After a while I felt very cold, then went inside to take a shower to warm myself up. Once I was in the shower I realized that heat would be transferred to my body by the hot water much slower than it would be released by the water evaporating from my skin. By the time I realized this I was very cold, shivering uncontrollable, and felt gripped by hypothermia. At this time I was still tripping as hard as ever, so this did not improve things at all. I put clothes on, then jumped into a bed and bundled up, but I was unable to recover my body warmth, even though P and R had put all the blankets in the house over me. I began to lose consciousness and feel myself sink into a coma or something of the sorts where I had foreign and reptilian thoughts. I snapped out of it and looked up at friends for help. R decided she would lie in the bed with me for a while. After a few minutes of this, I was still very cold, but did not feel myself on the verge of losing consciousness, then was glad again for not dying. After a while I felt warm again. I kept drinking fluids and lying down, but realized my body had become very weak, and my jaw ached from shivering so much.

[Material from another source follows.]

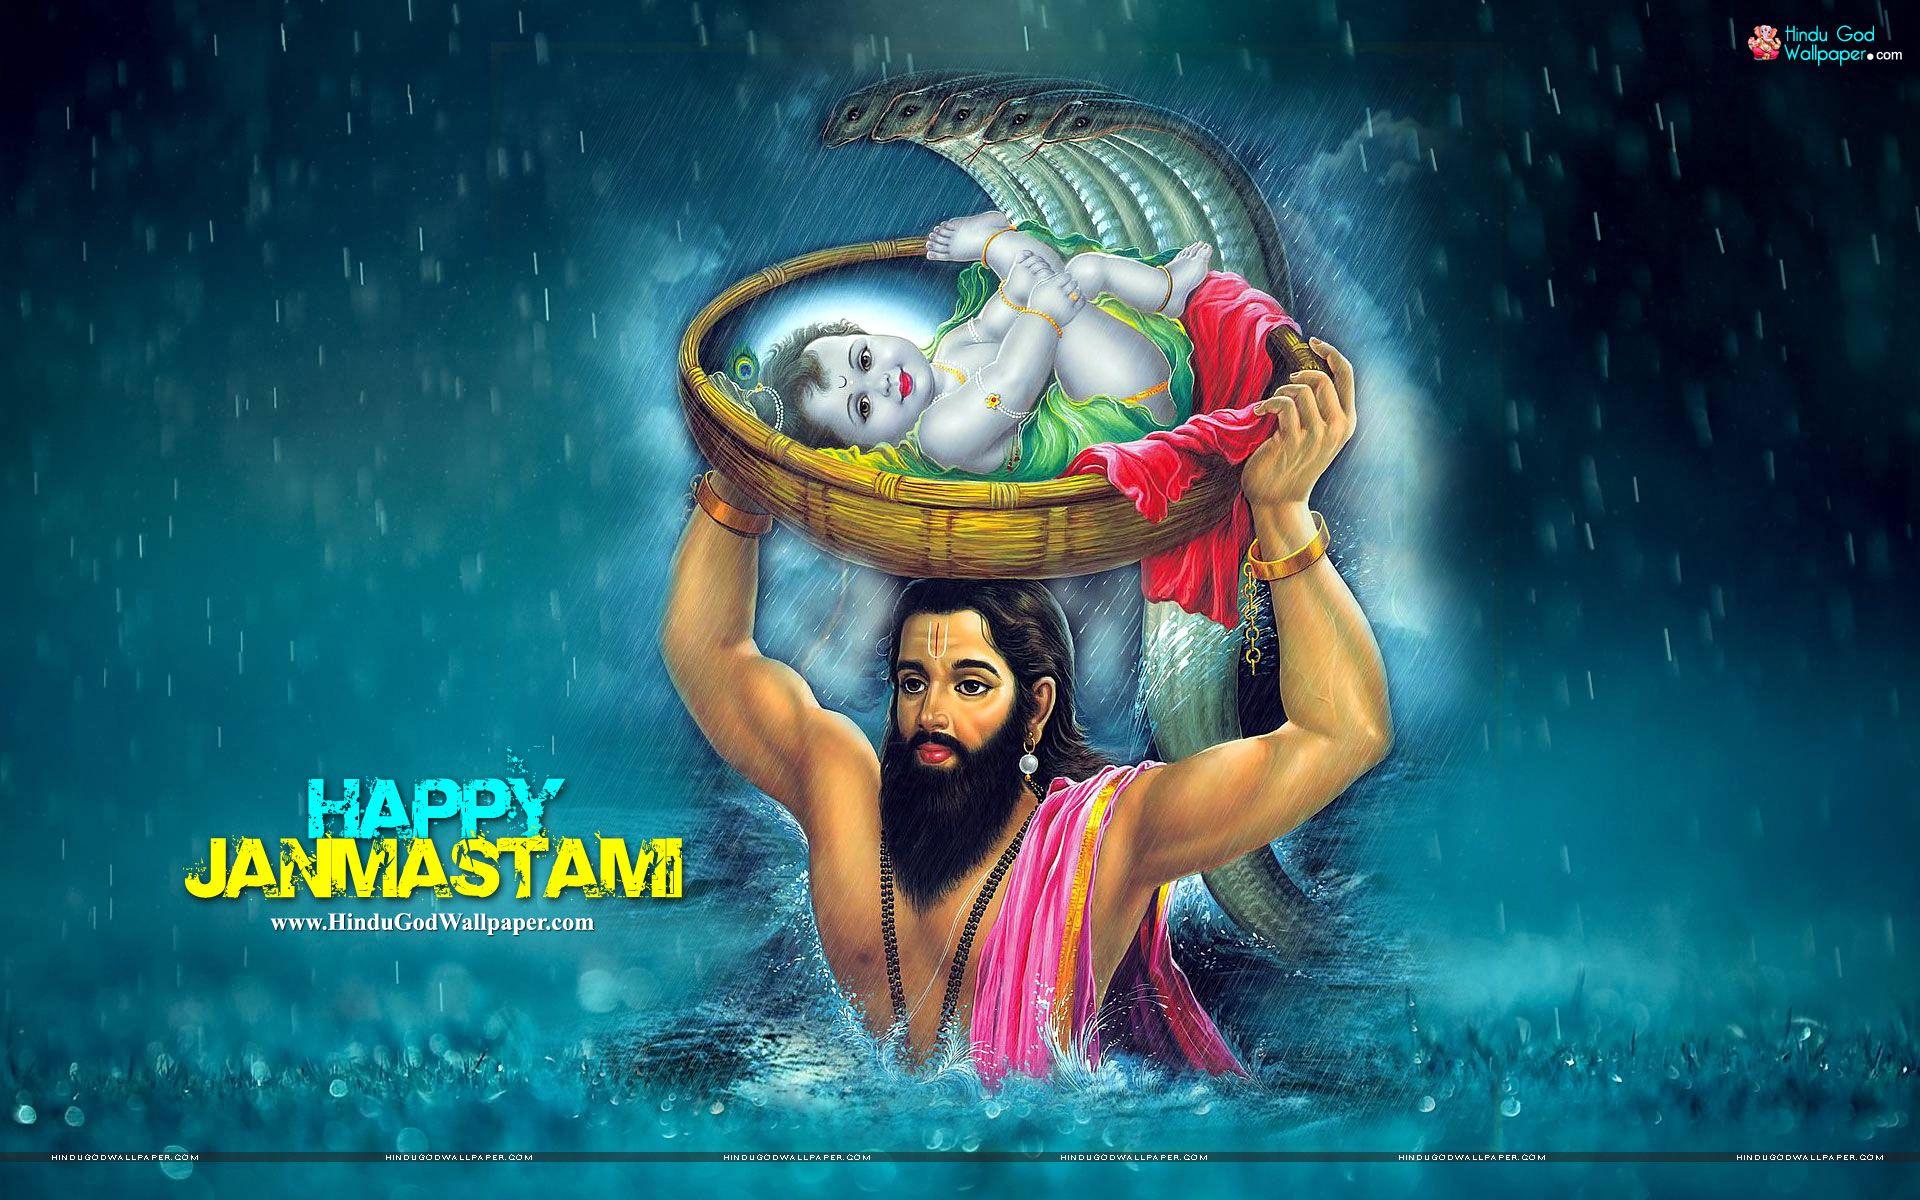 Free Download Krishna Janmashtami Wallpapers For Desktop And Hd Full Size Happy Janmashtami Festiv Happy Janmashtami Image Happy Janmashtami Janmashtami Wishes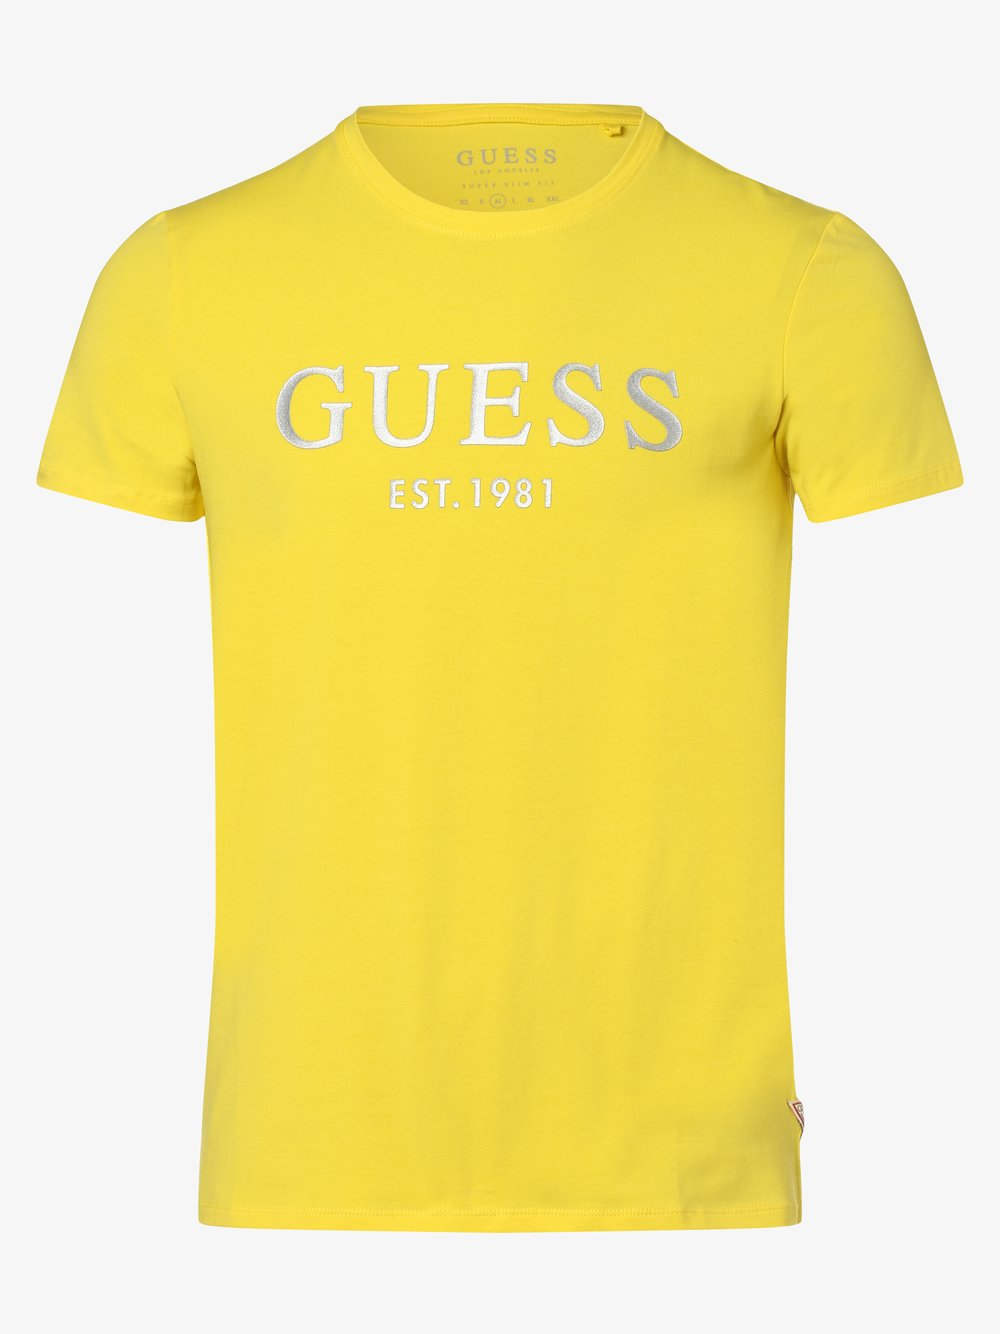 Guess Jeans - T-shirt męski, żółty

After a while, I became very hot and realized I had somewhat of a fever. Being so weak, it was a great chore to stand up and walk to the bathroom, which I had to do a couple of times. The LSD had worn down some, but I still had terrifying closed eye visuals whenever I tried to rest my eyes. It was also difficult to lift water to my lips to drink. I began to think of the luxuries a hospital could afford me, but decided against it, since it would be so expensive. P brought me some broth and water for the protein and fluids, as well as some tylenol for the fever. I had become delirious and noticed myself mumbling and growling in attempts to ward off the sickness. After a while I felt I could safely fall asleep and rest and remain breathing. I had trouble breathing the whole night, and often found myself taking huge breaths and gasping to get more and more oxygen in.
An annoyance was that I was unable to sleep due to the acid. What bad luck. I had noticed R was vomiting in the bathroom earlier, and I met her in the hallway for some reason, and she said she also felt very sick, and I realized it was the Zoloft making us sick, since she had taken 300mg herself. Acid having almost worn away, and confident I would not die if i fell asleep, I got a good six or seven hours of sleep. I woke up in the morning feeling burnt out, weak and sick, but I was extremely glad not to be dead. T later made me a little card that said 'Best Housesitter Ever.' What I learned: Zoloft is worse than I thought. I had actually thought of taking a lot more, say seven or eight pills, but for some reason decided against it. I'm quite sure I'd be dead if I did. Maybe this story can discourage someone from overdosing on Zoloft while tripping. Peace.